A program to increase awareness and availability of sustainable seafood in local restaurants and markets


Our mission

The mission of the Sustainable Seafood Program is to educate our community about the impact of their seafood choices on the health of the planet.  By increasing community support for sustainable and local seafood, we hope to do our part to ensure that all the tasty dishes we enjoy today are available for generations to come.

Our vision is to see Santa Barbara become known as a town that actively supports the longevity of their local fisheries and that leads the county in support for a sustainable seafood movement. 

 

Our goals
We want to shift our community’s seafood consumption to sustainable sources, consumer by consumer and restaurant by restaurant.

By helping restaurants and markets replace unsustainable seafood items with sustainable ones, we hope to shift thousands of dollars spent supporting unsustainable fisheries to supporting the new sustainable seafood movement.

We also work to spread awareness by educating and inspiring our community to raise their standards for their seafood choices.
 

Our funding
We are housed and supported by the Santa Barbara Museum of Natural History, a starter grant from Patagonia and support to our undergraduate intern from the Hearst Foundation.


What is sustainable seafood?
In a nutshell, sustainable seafood can be wild-caught or farmed raised, but must be harvested with care to maintain stable catch levels in the long-term without major harm to the environment and other sea life.

  • Various aspects of the fishery are considered when evaluating its sustainability:
    • Are harvest levels monitored?

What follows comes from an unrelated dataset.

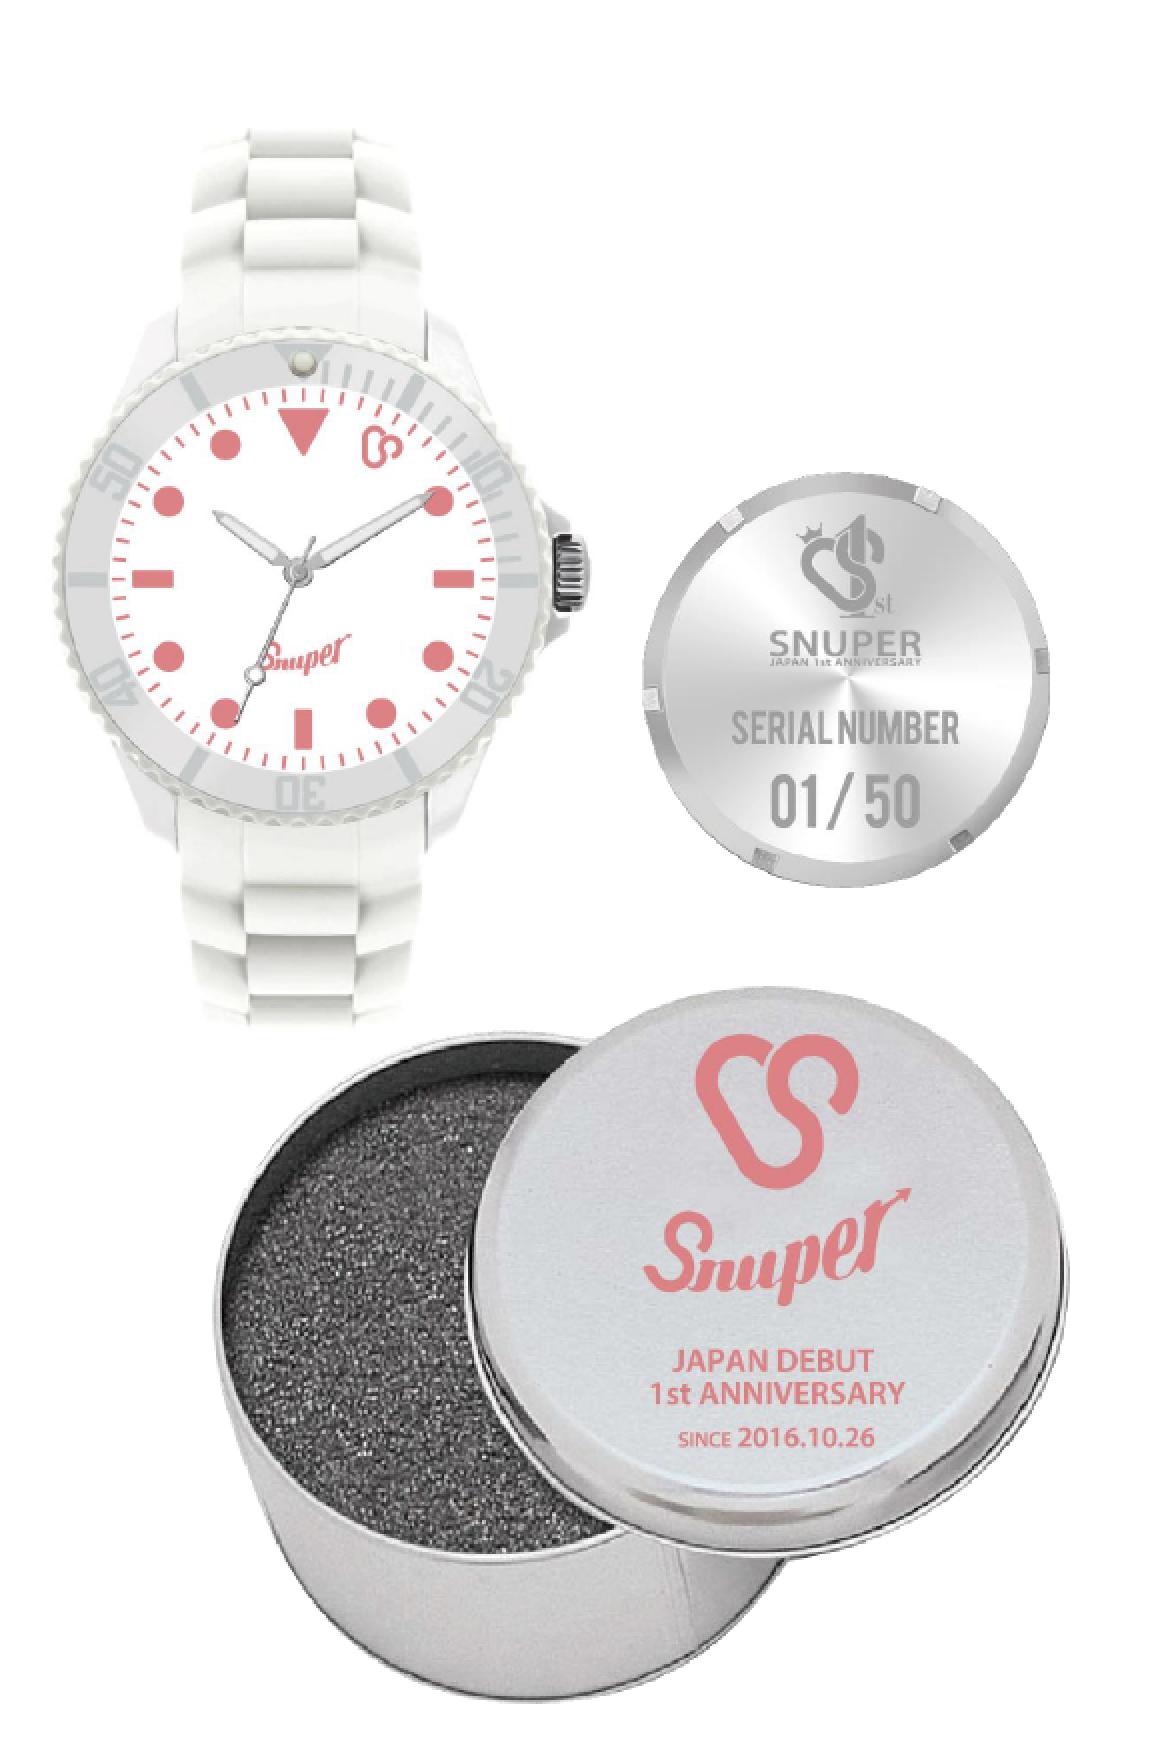 SNUPER日本デビュー1周年記念ウォッチ(「SWING JAPAN」会員様限定先着販売)【予約】

Many fisheries are still not properly monitored to be able to calculate what the true harvest levels are.
    • Are harvest levels low enough that fish population will survive over the short and long term?
    • Is any harm done to the fish’s habitat, such as alteration of seafloor habitat by trawling?
    • Are large proportions of non-target species (by-catch) killed in the process?
    • What is the carbon footprint of the fishery? Many fish are shipped long distances, requiring a lot of energy and packaging to transport the catch
       
  • There are also several criteria specific to fish farms
    • Are the farmed fish fed wild fish that are caught unsustainably?
    • Does the farm create pollution and other impacts on the area around the farm?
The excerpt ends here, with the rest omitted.